New al-Qaeda leader Ayman al-Zawahiri has voiced his support for the Syrian uprising in a new video message released on jihadist Internet forums, US monitors said yesterday.
In the video titled Onwards, Lions of Syria, al-Zawahiri criticized the Syrian regime for crimes against its citizens and praised those rising up against the government, SITE Intelligence Group said.
Al-Zawahiri, shown in front of a green curtain in the eight-minute video released on Saturday, urged Syrians not to rely on Western or Arab governments, which he said would impose a new regime subservient to the West.
“Don’t depend on the West or America, or the Arab governments and Turkey,” he said, according to the SITE translation. “[They] had deals, mutual understanding and sharing with this regime for decades.”
“Depend on Allah alone and then on your sacrifices, resistance and steadfastness,” he added.
He called on Muslims to support the uprising and remove the current regime which he condemned as anti-Islam.
The al-Qaeda leader described the government of Syrian President Bashar al-Assad as a “pernicious, cancerous regime that suffocates the free people in Syria.”
Since March last year, al-Assad’s regime has waged a bloody crackdown on an uprising in which more than 6,000 people have been killed.
Arab League foreign ministers met in Cairo yesterday to discuss their next move in the crisis.
Arab League officials said the 22-member group was considering reviving its suspended observer mission in Syria, expanding it to include monitors from non-Arab, Muslim nations and maybe involvement by the UN.
The officials said the proposal would be discussed by a “Syria Group” made up of seven member states led by Qatar.
The officials spoke on condition of anonymity because the proposals had not yet been adopted.
Meanwhile, gunmen have assassinated an army general in Damascus in the first killing of a high ranking military officer in the Syrian capital since the uprising against al-Assad’s regime began in March, the country’s state-run news agency said.
The attack could be a sign that armed members of the opposition, who have carried out attacks on the military elsewhere in the country, are trying to step up action in the tightly controlled capital, which has been relatively quiet compared to other cities.
SANA news agency reported that three gunmen opened fire at Brigadier General Issa al-Khouli on Saturday morning as he left his home in the Damascus neighborhood of Rukn-Eddine.
Al-Khouli was a doctor and the chief of a military hospital in the capital.
Captain Ammar al-Wawi of the Free Syrian Army, a rebel group that wants to bring down the regime by force, denied involvement in the assassination, which came a day after two suicide car bombers struck security compounds in Aleppo.
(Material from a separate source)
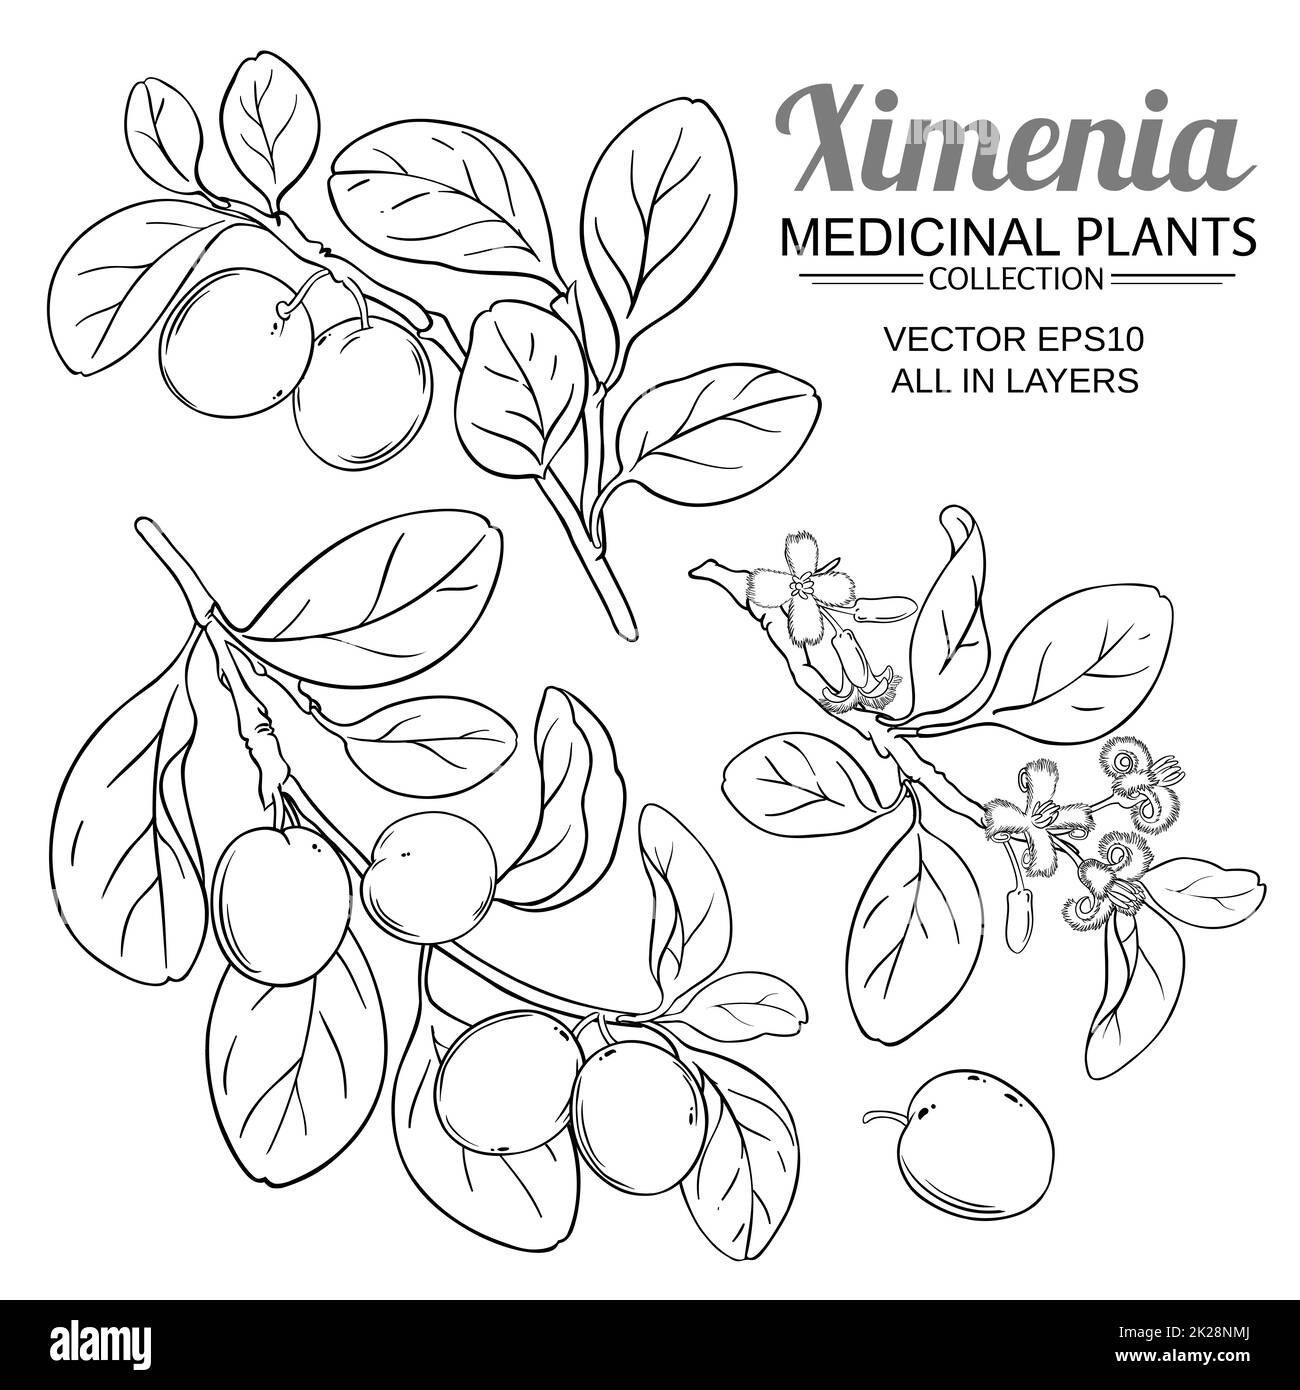 ximenia branches vector set on white background Stock Photo

As the Arab League meeting got under way, the Syrian Observatory for Human Rights reported that army shelling yesterday killed at least four civilians in the protest city of Homs, including three in the rebel stronghold of Baba Amr.
The Observatory’s Rami Abdel Rahman said that another 30 tanks and armed personnel carriers were on the way to Homs, which armed forces have pounded for more than week.
Forty-five people were killed nationwide on Saturday, mostly civilians, the Britain-based Observatory said.
Homs activist Hadi Abdullah accused policemen and soldiers of pillaging the city’s Inshaat district.
“They are stealing computers, television sets ... and even blankets,” he said.
Security forces also advanced into Zabadani, the Observatory said, adding that three civilians were killed in the town located between Damascus and the Lebanese border.
In Lebanon, a 17-year-old girl was among three people killed while 23 were wounded in clashes on Saturday between Sunnis hostile to Syria’s regime and Alawites who support it, a security official said.
Ten of the wounded were Lebanese soldiers.
The rival factions in Tripoli, in northern Lebanon, fired guns and rocket-propelled grenades in the bloodiest clashes since June last year, when six people died in the wake of demonstrations against Syria’s government.
Also on Saturday, tensions escalated in Aleppo as al-Assad’s forces stepped up security a day after twin car bombs killed 28 people and wounded 235, activists said.
A US media report citing unnamed US officials said al-Qaeda’s Iraqi branch was likely to have carried out the Aleppo bombings, along with attacks on Damascus in December and last month.
The attacks appeared to verify al-Assad’s charges of al-Qaeda involvement in the uprising against his 11-year rule, the McClatchy Newspapers chain said.
Iraq’s deputy interior minister said jihadists were moving from Iraq to Syria, as are weapons being sent to al-Assad’s opponents.
“We have intelligence information that a number of Iraqi jihadists went to Syria,” Adnan al-Assadi said, adding that “weapons smuggling is still ongoing.”